Deux jours après la manifestation qui a rassemblé mardi à Bruxelles quelque 60.000 personnes opposées à un projet de "loi travail" renforçant la flexibilité, le trafic ferroviaire était à l'arrêt jeudi en Wallonie (sud de la Belgique), où les cheminots ont débrayé spontanément pour protester contre la suppression de jours de récupération décidée par leur employeur, la SNCB.
Le mouvement était en revanche moins suivi en Flandre (nord), selon la Société nationale des chemins de fer belge.
Une réunion entre les syndicats et la direction du rail belge s'est achevée sans accord et la grève est reconduite au moins jusqu'à une nouvelle séance de négociations prévue vendredi en fin de matinée, ont indiqué les syndicats francophones, alors que leurs homologues flamands ne soutiennent pas l'arrêt de travail.
La fracture entre syndicats francophones et flamands, qui sont pourtant en principe unitaires, se marque également dans le conflit des prisons.
Depuis plus d'un mois, les agents pénitentiaires de Wallonie et de Bruxelles ont cessé le travail pour réclamer des moyens financiers et en personnel supplémentaires, tandis que leurs collègues de Flandre ont accepté le plan de "rationalisation" --dit "Travailler autrement"-- défendu par le ministre de la Justice, Koen Geens.
Ce dernier a fait mercredi de nouvelles propositions, en promettant notamment l'engagement de 480 personnes et en poursuivant les efforts contre la surpopulation pénale.
Le personnel des prisons se prononcera lundi sur le protocole d'accord, mais celui de la prison de bruxelloise de Saint-Gilles l'a déjà rejeté lors d'une vote qui n'a toutefois pas atteint le quorum requis pour être validé et qui sera renouvelé dans les prochains jours, selon des sources syndicales.
A ces grèves sectorielles, il faut ajouter la contestation plus générale de la politique du gouvernement de droite, arrivé au pouvoir en octobre 2014 et qui, selon les partis d'opposition de gauche et les syndicats, met à mal le modèle belge de concertation entre représentants du patronat et des salariés.
Plusieurs grèves avaient rythmé l'automne 2014 après une manifestation géante à Bruxelles, à laquelle 120.000 personnes avaient participé, du jamais vu en plusieurs décennies en Belgique.
- 'Faire tomber le gouvernement' -
Dès son arrivée au pouvoir, le gouvernement avait hérissé les partenaires sociaux avec des mesures comme le gel temporaire des salaires ou le report de 65 à 67 de l'âge de la retraite à l'horizon 2030, contre lesquelles les syndicats annoncent une série d'actions (grèves générales, manifestations...) jusqu'à l'automne prochain.
La prochaine journée d'actions, le 31 mai, devait être se traduire par une manifestation des services publics couplée à une grève des cheminots.
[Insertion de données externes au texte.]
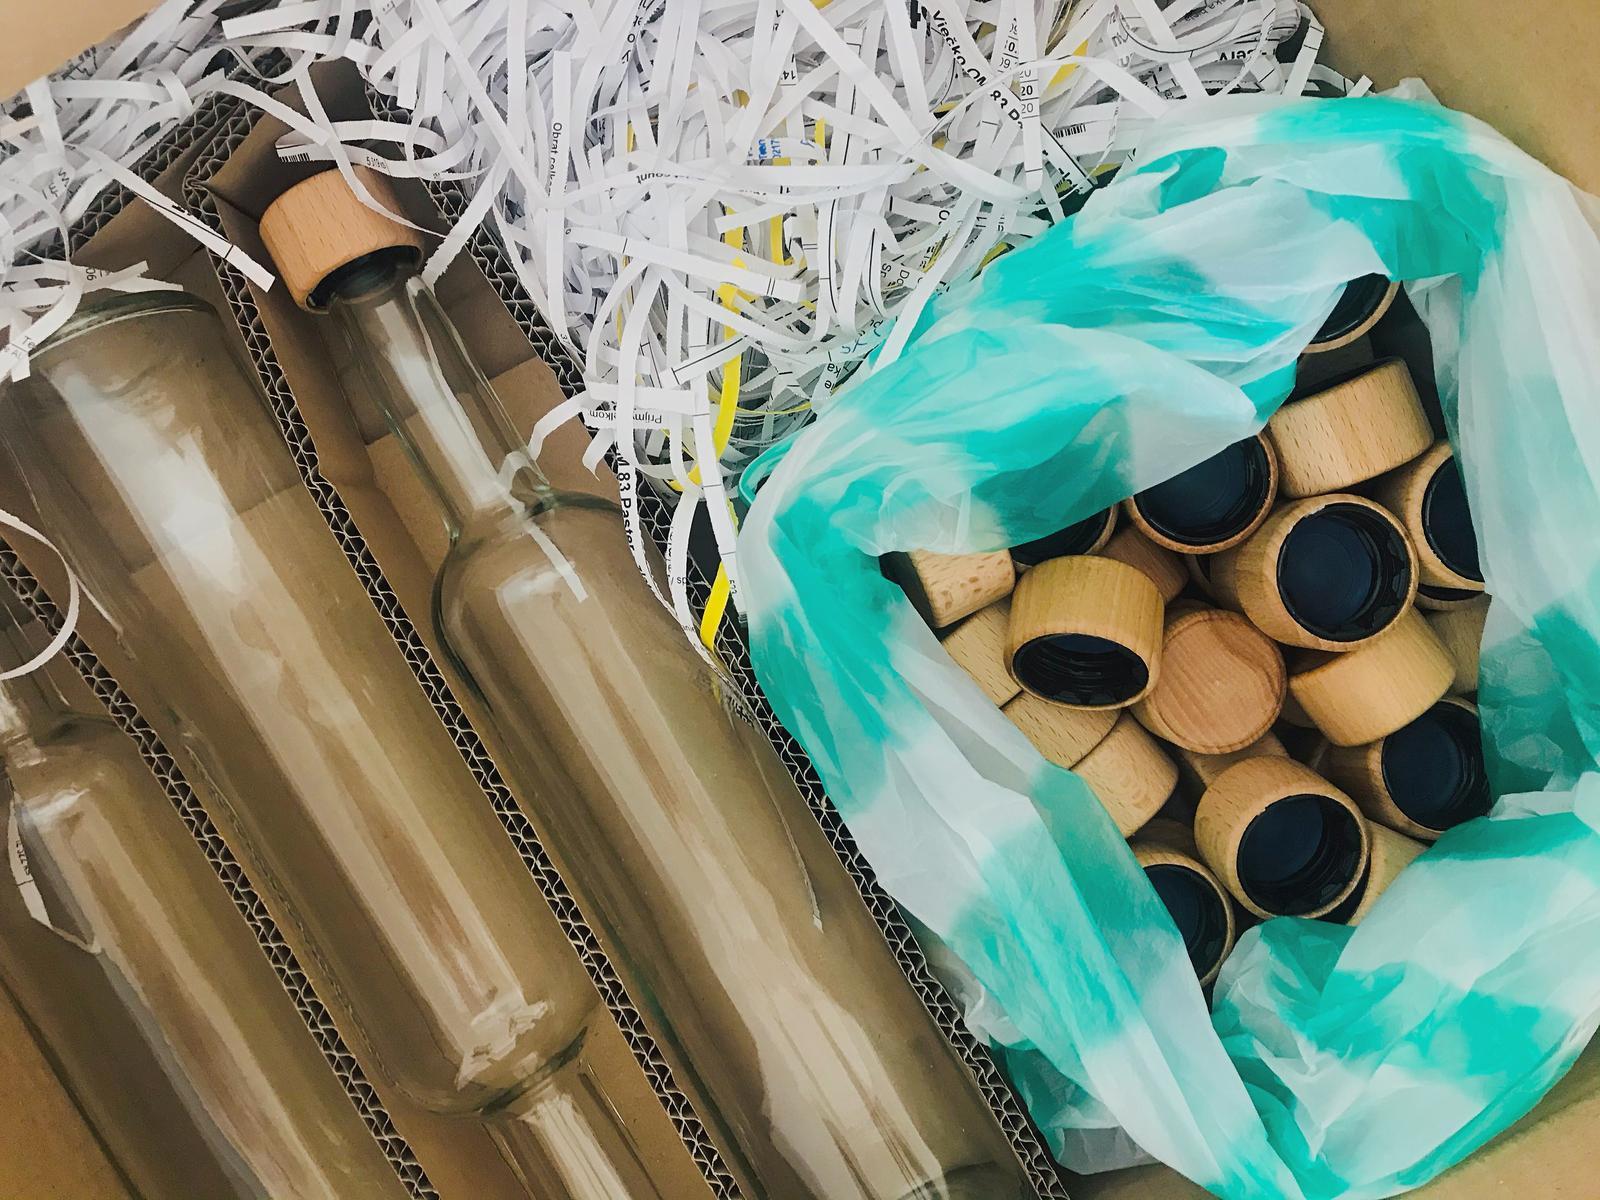 Prípravy 🌸🛍📝 - Fľaše na svadobnú slivovicu a jabĺčkovicu 🥭 🍏🍎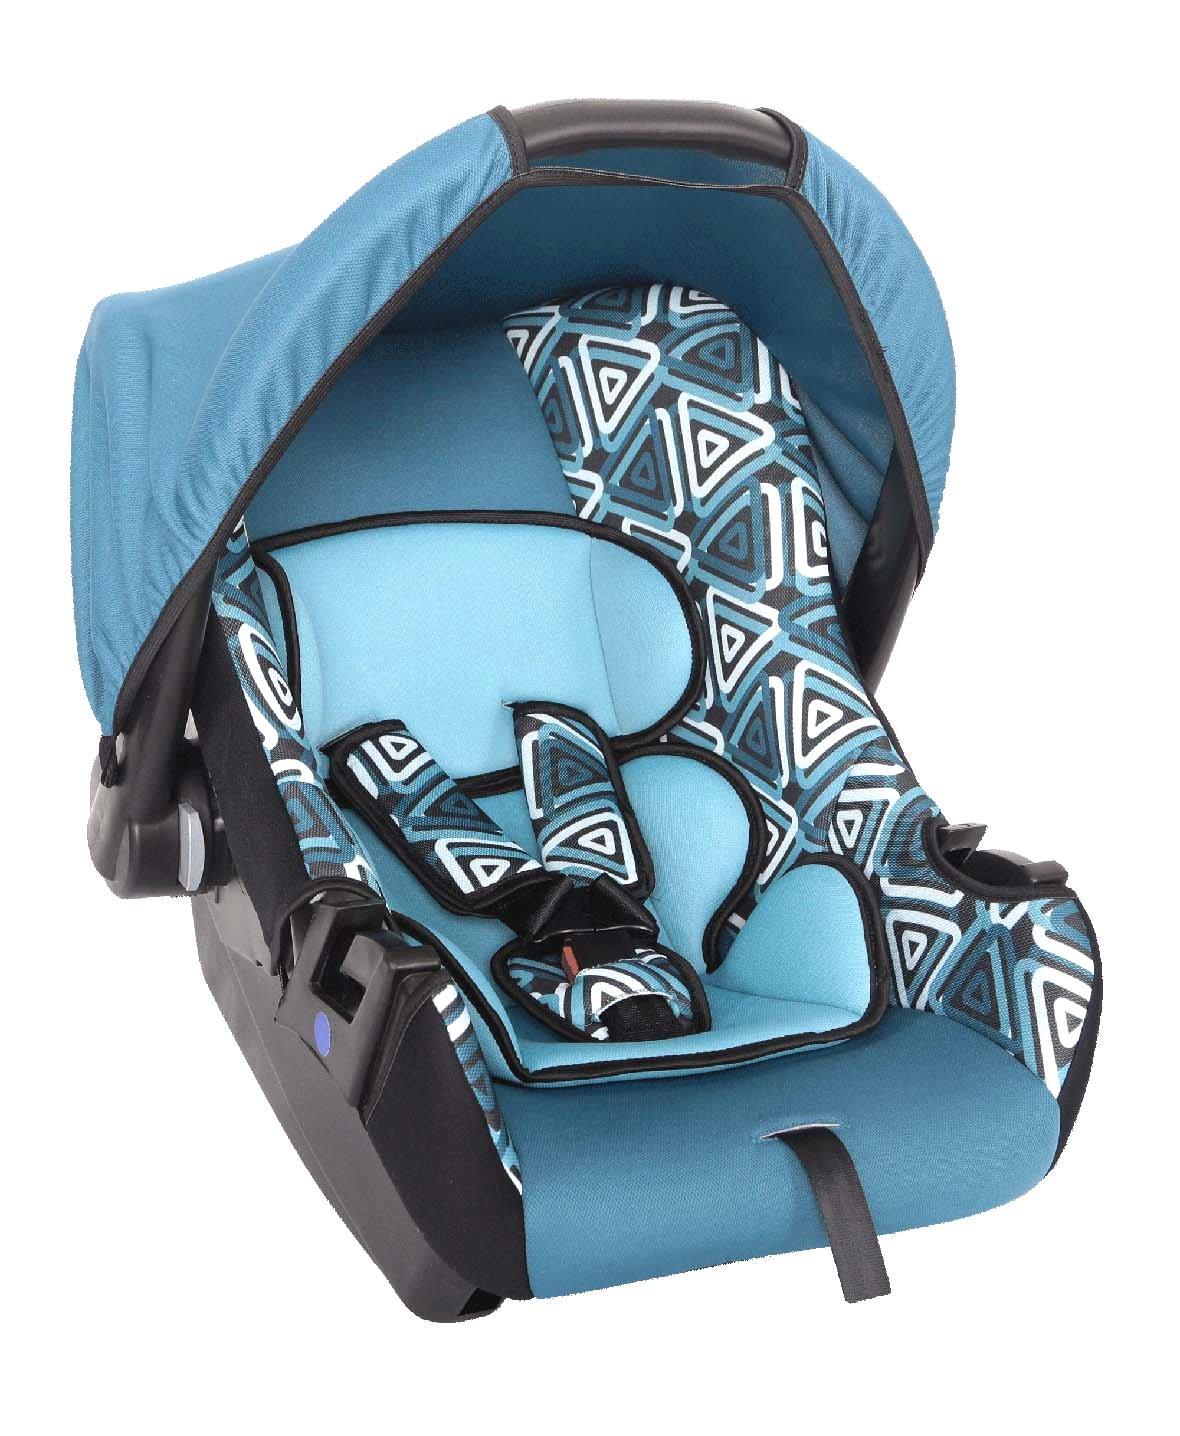 Кресло детское автомобильное Siger Эгида Люкс kres0313

Mais elle pourrait prendre une plus grande ampleur, à la fois en terme de secteurs touchés et de durée.
La branche wallonne du syndicat socialiste de la fonction publique CGSP a appelé jeudi "l'ensemble des secteurs" du service public en Wallonie à "entrer en actions continues" à partir du 31 mai.
"Le mot d'ordre est clair: il faut faire tomber ce gouvernement", a indiqué dans un communiqué la CGSP wallonne.
Son pendant flamand, Acod, a toutefois déploré une "initiative prise en solo". "Nous n'appelons en aucun cas à la grève", a fait savoir le patron du syndicat néerlandophone, Guido Rasschaert, cité par l'agence Belga.
La Belgique est dirigée par une coalition de quatre partis de droite, trois néerlandophones (dont le parti nationaliste flamand N-VA) et un francophone, la formation libérale Mouvement réformateur (MR) de Charles Michel.
Interpellé jeudi après-midi devant la Chambre des députés par les partis d'opposition, le Premier ministre a dénoncé la "désinformation" visant selon lui l'action de son gouvernement. "Nous allons continuer à prendre des décisions, réformer et agir", a-t-il lancé.
La grogne sociale en Belgique survient au moment où la France voisine est également en proie à un durcissement du mouvement de contestation des opposants à la réforme du travail.